OPINIóN
Actualizado 18/08/2015
Charo Alonso

Lo que queda de la tierra quemada en Gata y en Galicia y el resto negruzco de la negra crónica de este verano ardiente me ensucian los dedos con los que leo los periódicos en papel? y todo mientras a mi alrededor tiene hordas de niños, de gritos, de crujir de arena y de bondades del verano. Un verano que no es cualquiera, con toda esta sangre derramada y tanta gente mitad disfrutando de la playa, mitad llevándole a la otra la caña con contratos de miseria. Se nos ha puesto el calor demasiado ardiente y el tiempo demasiado frío últimamente.

Se nos ha puesto Grecia a demostrar que no sirve de nada tener buena voluntad y hasta Cuba se rinde al american way of life, que a todos nos gusta eso de vivir bien. Y mientras los toros y la troika embisten, uno se pregunta si la única solución es hacer oídos sordos al papel y dedicarnos a los posados mallorquines, a la cerveza fría, a la terraza llena y a los niños dicharacheros preguntándose si se ha terminado la temporada de piscina. Ellos no saben de muertas ni de periodistas acribillados, ni de chicas con amor al peligro ni de que más cornadas da el hambre y por eso la gente se mete en un barco de papel para llegar a una isla sin remedio. No, este verano tiene un intenso olor a bochorno, a quemazón y a pena, pero no nos amarguemos, está visto que ante la crisis, nos hemos decidido por el viaje, el chiringuito y hasta el derroche? y ante eso, lo único que podemos hacer es quitarnos el sombrero ?tan necesario en este calor de infierno que hemos disfrutado- y tratar de que no llegue septiembre con su factura de libros, carteras, regreso a la vida cotidiana y hasta a los tremendos atascos de realidad?
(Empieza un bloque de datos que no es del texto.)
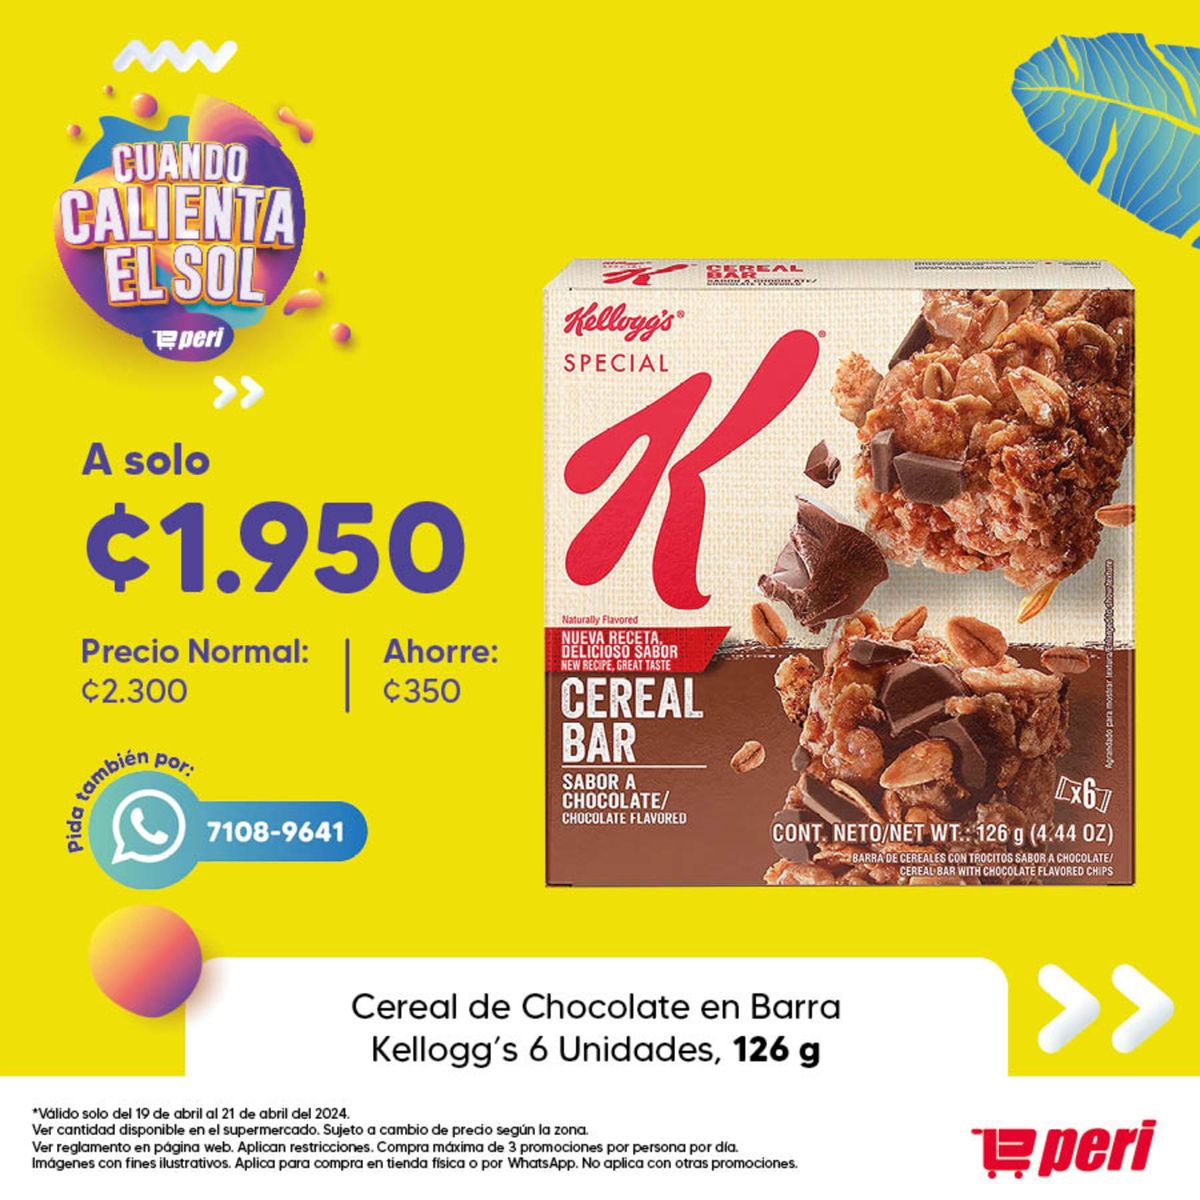 Cereal de Chocolate en Barra Kellogg's 6 Unidades, 126 g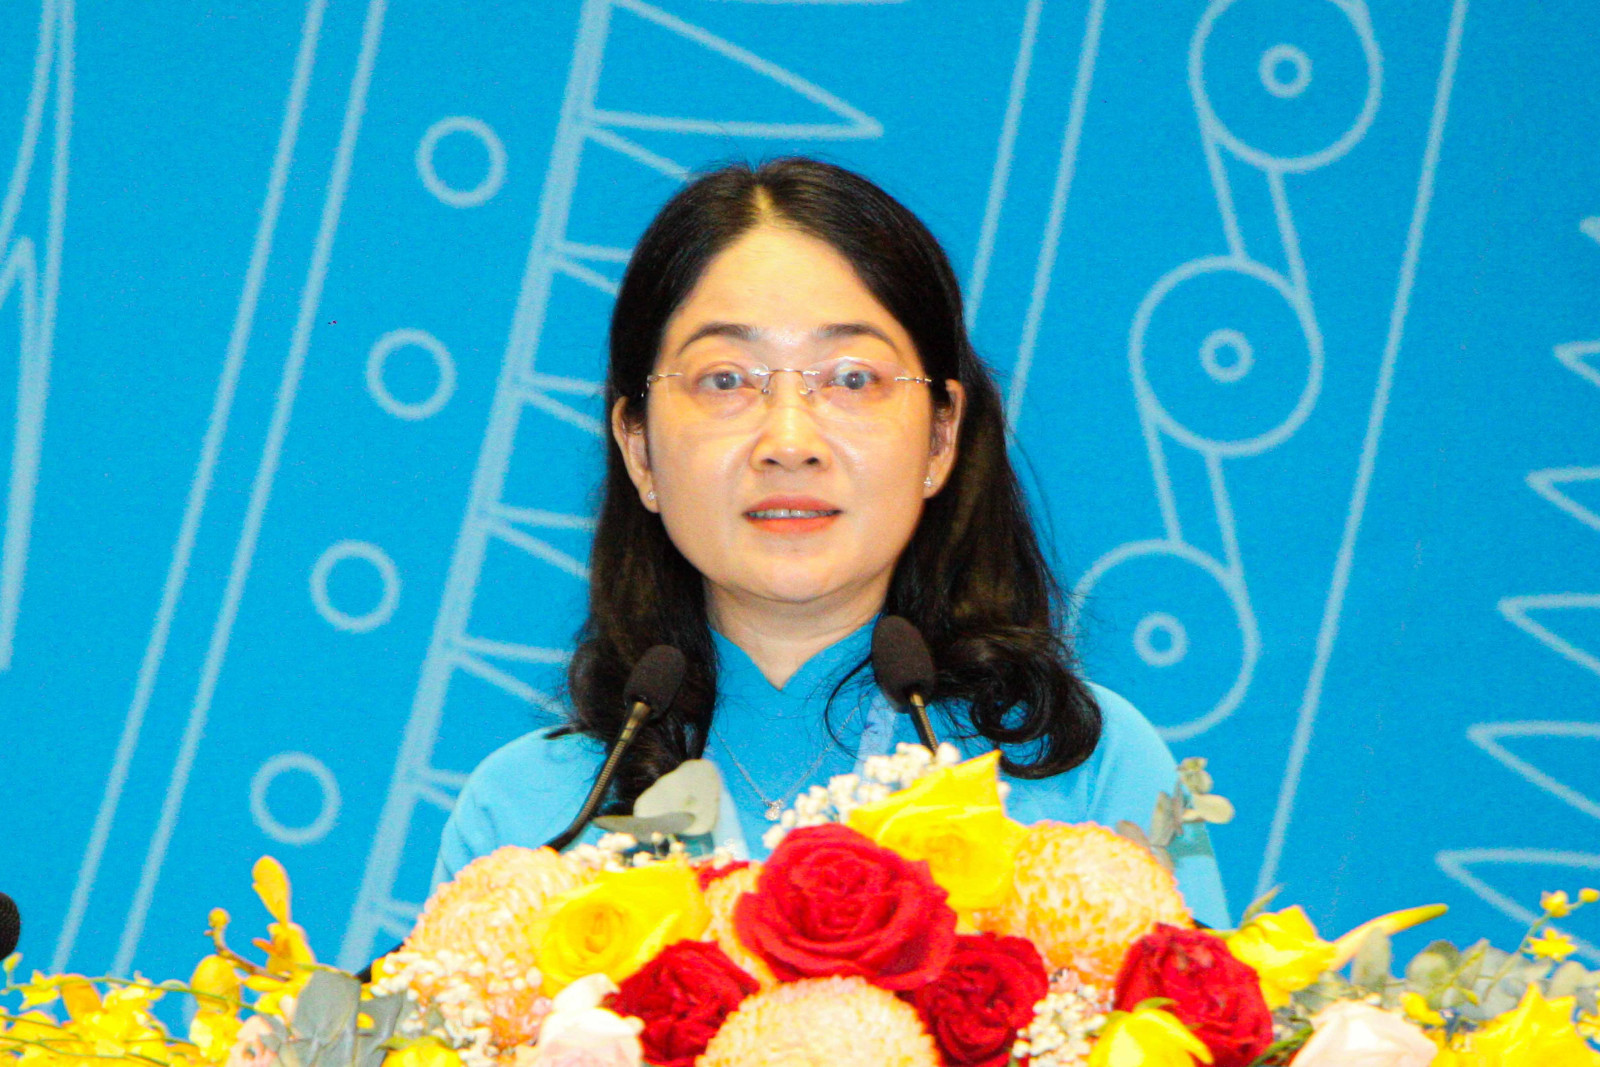 Đồng chí Nguyễn Kim Loan phát biểu bế mạc đại hội (Ảnh: Quốc Chiến).

   A mí que me registren, pero me niego a dejar de lado este verano que tiene como cosa buena eso de andar descalza y cubrirse a duras penas con lo primero que pillas. Un verano de cerveza y de reencuentros, un verano de tiempo aparentemente para todo? nada de estío sangriento ni dolorosas pérdidas, nada de portadas ahítas de rostros que no esperan nada o por eso mismo nos lo cuestionan todo.

Un verano de niños que piden helados y no leen las portadas de la violencia, un verano infantil lleno de esperanzas que, incluso, tiene un final feliz cuando piensan en los amigos y en el olor a plástico nuevo de sus cosas del cole.

Cuánto quisiera aprender de mis niños mientras contemplo las fotos de las fiestas de pueblo sin quitarme de encima este verano sangriento. Decididamente, no debería ser tan consciente y solo, solamente, preguntarme dónde está esa piscina llena, esa despreocupación feliz en el que faltan los rostros de quienes han tenido su último verano. Es, sencillamente, el tiempo de llorarlas. Y las lloro, sí, porque han ardido, porque para ellas no llegará el septiembre de la novedad y del abrigo.